By Charles Aldinger
WASHINGTON (Reuters) - The Defense Department will announce Thursday the initial winner in a multibillion dollar aerospace industry battle to develop a space-age system to defend the United States against ballistic missile attack.
Boeing Co. is competing against a team headed by Lockheed Martin Corp. to design and perhaps one day deploy such a system. The initial contract is expected to be worth $1.5 billion over three years.
But the winner will grab the lead in an ambitious National Missile Defense (NMD) plan, pushed by Congress, that could be worth $10 billion in the next decade, including a separate competition to build a rocket-fired weapon to hit missile warheads in flight.
Lockheed, teamed with Raytheon Co. and TRW Inc.in the United Missile Defense Co., is competing with Boeing to integrate weapons, radars and communications for NMD, which many experts say cannot be made foolproof against nuclear or other missile attack.
Indeed, the initial contract for design and integration of the system may never get past the development stage if the military and aerospace firms cannot build a weapon to shatter warheads that approach with eye-blink speed in space.
"There is no room for error. This thing has to work the first time (against an attack) or it's worth nothing at all," said John Pike, a skeptical analyst with the private Federation of American Scientists in Washington.
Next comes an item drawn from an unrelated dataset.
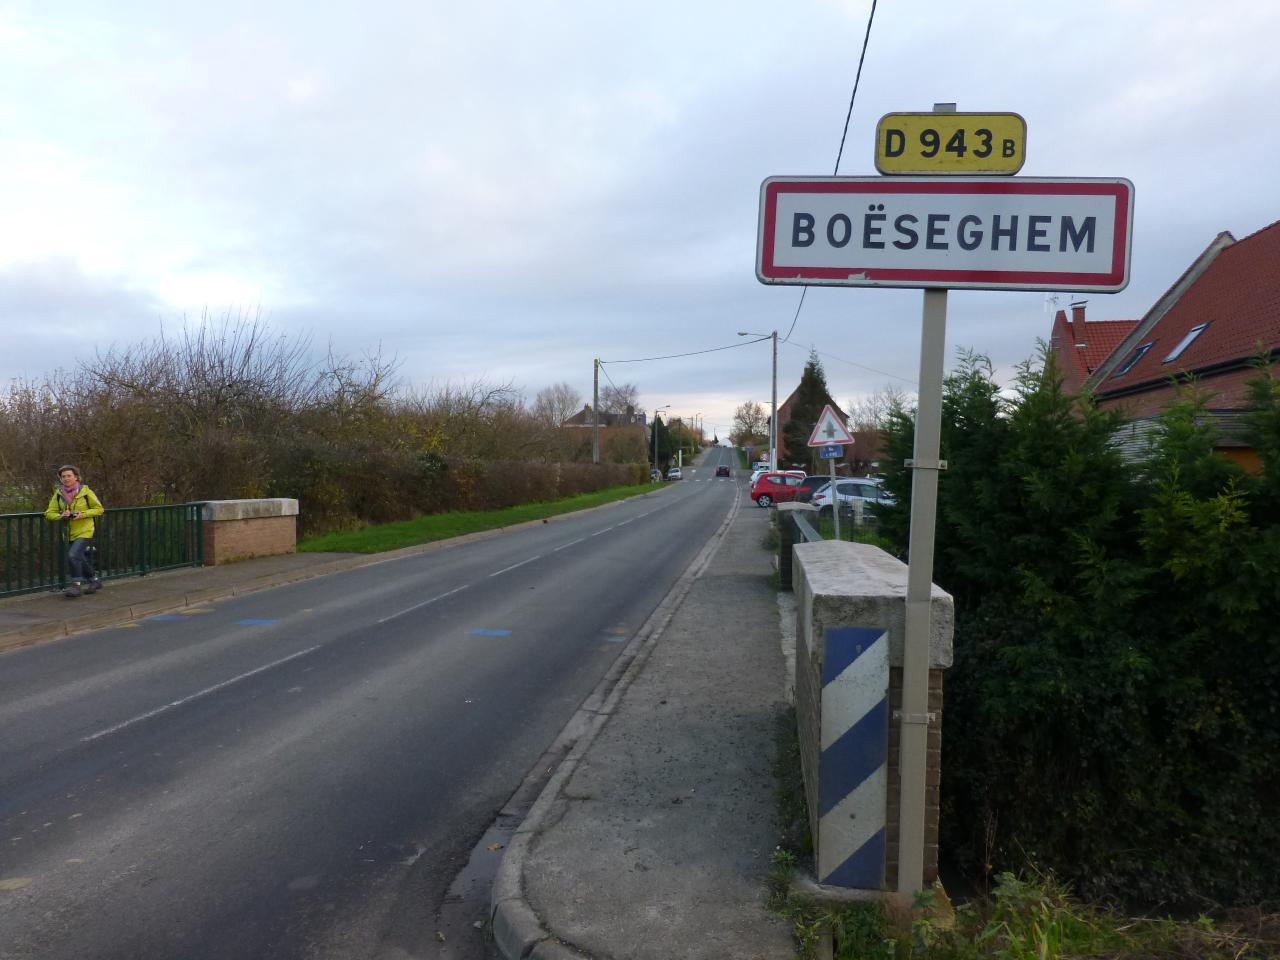 Boeseghem 6 decembre 2015

The idea, which grew from former President Ronald Reagan's more ambitious "Star Wars" program to protect U.S. cities from a massive Soviet nuclear attack, is now aimed at stopping a smaller attack or accidental launch by another country against the United States.
The United States has spent about $50 billion with little success on nuclear missile defense since Reagan suggested his plan more than a decade ago.
The U.S. military is also currently trying to develop an even more limited Theater Missile Defense (TMD) program to protect troops and bases from missile attack around the world.
But that program has suffered four successive failures by Lockheed Martin's proposed anti-missile weapon because of technical and other glitches.
The firms involved in the national defense program are betting with high stakes that they can solve major technical problems because the monetary rewards will be major.
Boeing and Raytheon are involved in a separate competition to develop an anti-missile weapon that could be fired using a ground-based rocket to hit warheads in space. That weapon, dubbed the "exo-atmospheric kill vehicle" (EKV), is still in the early stages of development.
The Clinton administration is moving carefully on a national missile defense program despite heavy pressure from Congress, which wants to deploy a system as quickly as possible.
The White House and Pentagon have promised to devote three years to development of NMD. They say that if it works, a decision could be made in 2000 or 2001 to deploy the defense within another three years.
But Pike and others say the odds are high against a foolproof system. They include a Pentagon panel of experts who recently said that the military and aerospace firms were pressing ahead too quickly with poorly-tested technology.
Aside from an anti-missile weapon itself, analysts say that coordinating radars and sensors to identify, track and discern actual warheads from "dummy" decoys in space is an extremely difficult task.
"The Lockheed weapon certainly has not been marred by success," Pike said in an interview with Reuters Wednesday.